I do not know. That was the first time I used that sensor. You may need 2 sensors & combine the data.

#8

Here is example witch shows two data:

  - platform: scrape
    resource: http://www.bom.gov.au/vic/forecasts/melbourne.shtml
    name: Melbourne Forecast Summary
    select: ".main .forecast p"
    value_template: '{{ value | truncate(255) }}'
    # Request every hour
    scan_interval: 3600
    headers:
      User-Agent: Mozilla/5.0

Why my sensor shows unknown?

#9

What have you tried? I see your example uses double quotes & yours has single quotes, for example.

#10

What have you tried? I see your example uses double quotes & yours has single quotes, for example.

I already try this still same result.
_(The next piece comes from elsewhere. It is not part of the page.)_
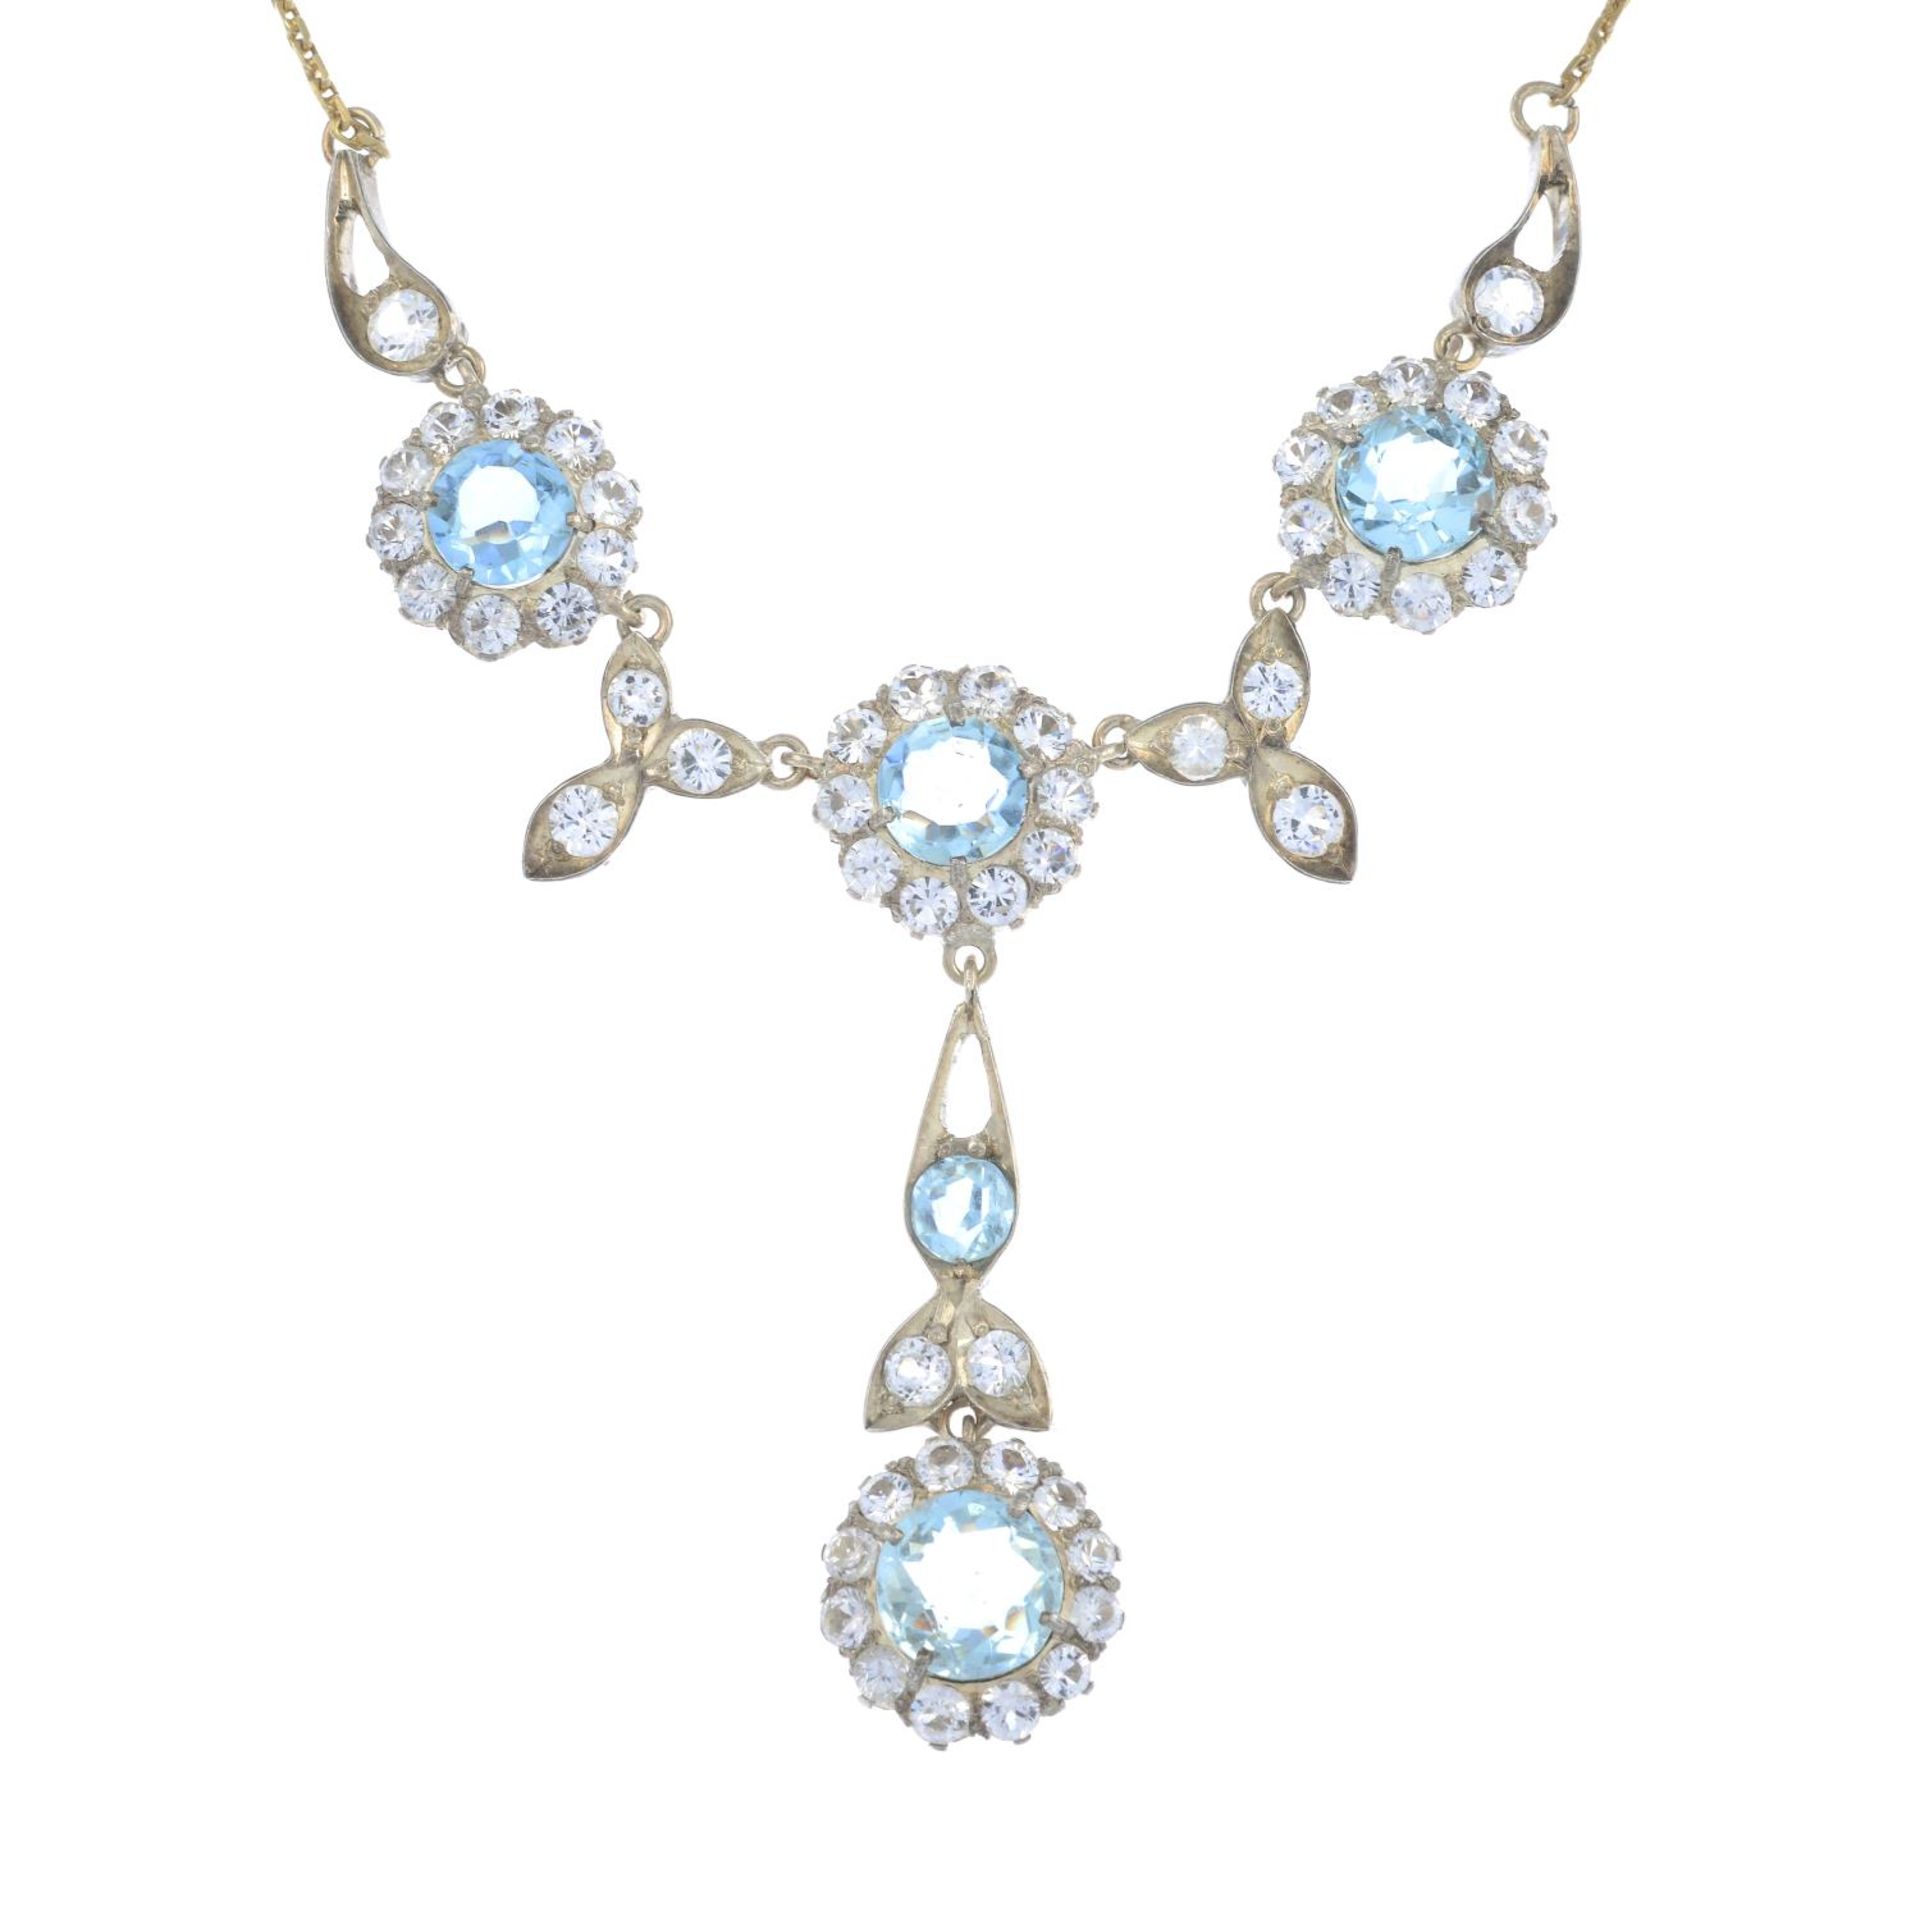 A mid 20th century aquamarine and gem-set necklace.Length 39cms.

Any idea?

#11

I get error:

Unable to extract data from HTML

#12

How I can remove same text from sensor using value template?

I have sensor:

  - platform: scrape
    resource: https://www.avto.net/Ads/results.asp?znamka=Alfa%20Romeo&model=GT&modelID=&tip=katerikoli%20tip&znamka2=&model2=&tip2=katerikoli%20tip&znamka3=&model3=&tip3=katerikoli%20tip&cenaMin=0&cenaMax=999999&letnikMin=0&letnikMax=2090&bencin=0&starost2=999&oblika=0&ccmMin=0&ccmMax=99999&mocMin=&mocMax=&kmMin=0&kmMax=9999999&kwMin=0&kwMax=999&motortakt=&motorvalji=&lokacija=0&sirina=&dolzina=&dolzinaMIN=&dolzinaMAX=&nosilnostMIN=&nosilnostMAX=&lezisc=&presek=&premer=&col=&vijakov=&EToznaka=&vozilo=&airbag=&barva=&barvaint=&EQ1=1000000000&EQ2=1000000000&EQ3=1000000000&EQ4=100000000&EQ5=1000000000&EQ6=1000000000&EQ7=1110100120&EQ8=1010000001&EQ9=100000000&KAT=1010000000&PIA=&PIAzero=&PSLO=&akcija=&paketgarancije=&broker=&prikazkategorije=&kategorija=&zaloga=&arhiv=&presort=&tipsort=&stran=
    name: position_000
    select: '.ResultsAd'
    index: 0
    value_template: '{{ value | truncate(255) }}'

I get this output:

Alfa Romeo GT 2.0 JTS Distinctive Letnik 1.registracije:2004 215000 kmbencinski motor, 1970 ccm, 122 kW / 166 KMroèni menjalnik (5 pr.) Ogled oglasa Parkiraj v moj.avto.net 
 1.600 

How I can remove text Ogled oglasa Parkiraj v moj.avto.net from sensor using value_template?